How God's Wrath Starts Now

This post accompanies the sermon on Colossians 3:5-11 on 4/6/14.

In the sermon this week we talked a little bit about God's wrath and how love demands anger in certain circumstances. In particular we said:

The more you love someone they angrier you get when someone hurts them or when they hurt themselves.

But the concept of the wrath of God in the Bible goes beyond what we might normally think of as "end of life accountability" and intrudes into our present existence. The Bible teaches that people can "receive in themselves the due penalty for sin." In other words, God gives people over to experience the painful consequences of sin in order that they may learn to turn away from it.

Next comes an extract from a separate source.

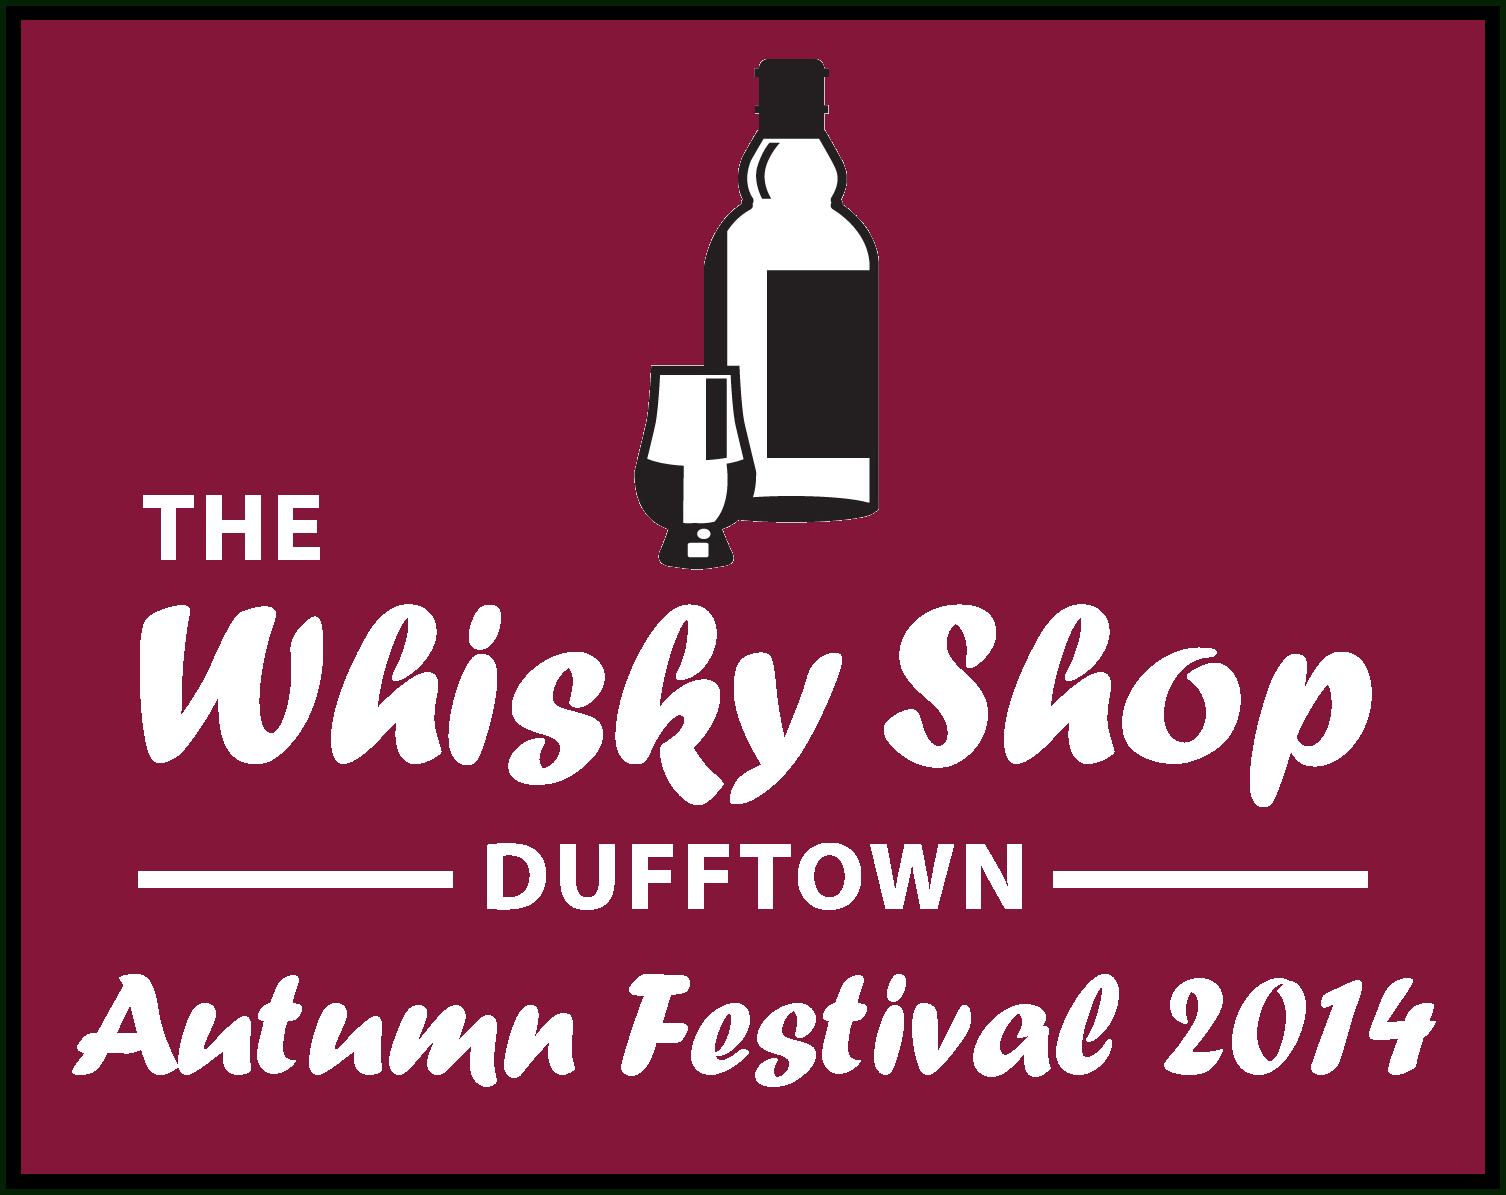 The Whisky Shop Dufftown Autumn Festival 2014

While it may be incredibly unpopular to say, STI's are one example of this phenomenon. They are so prevalent in our culture that we cannot imagine a world without them. However, if you pause for a moment and imagine a world in which everyone follows the biblical teaching on sexuality they would be virtually non-existent. This is not to say that STI's are God's specific punishment on people who are immoral, or that everyone who has an STI is an immoral person (of course not). But it is to say that God permits the effects of sinful behavior to be felt by people who engage in it so as to learn the foolishness of sin.

It is in this way, and others, that the wrath of God is experienced in the here-and-now in a way which is intended to help people turn from sin and turn to Christ.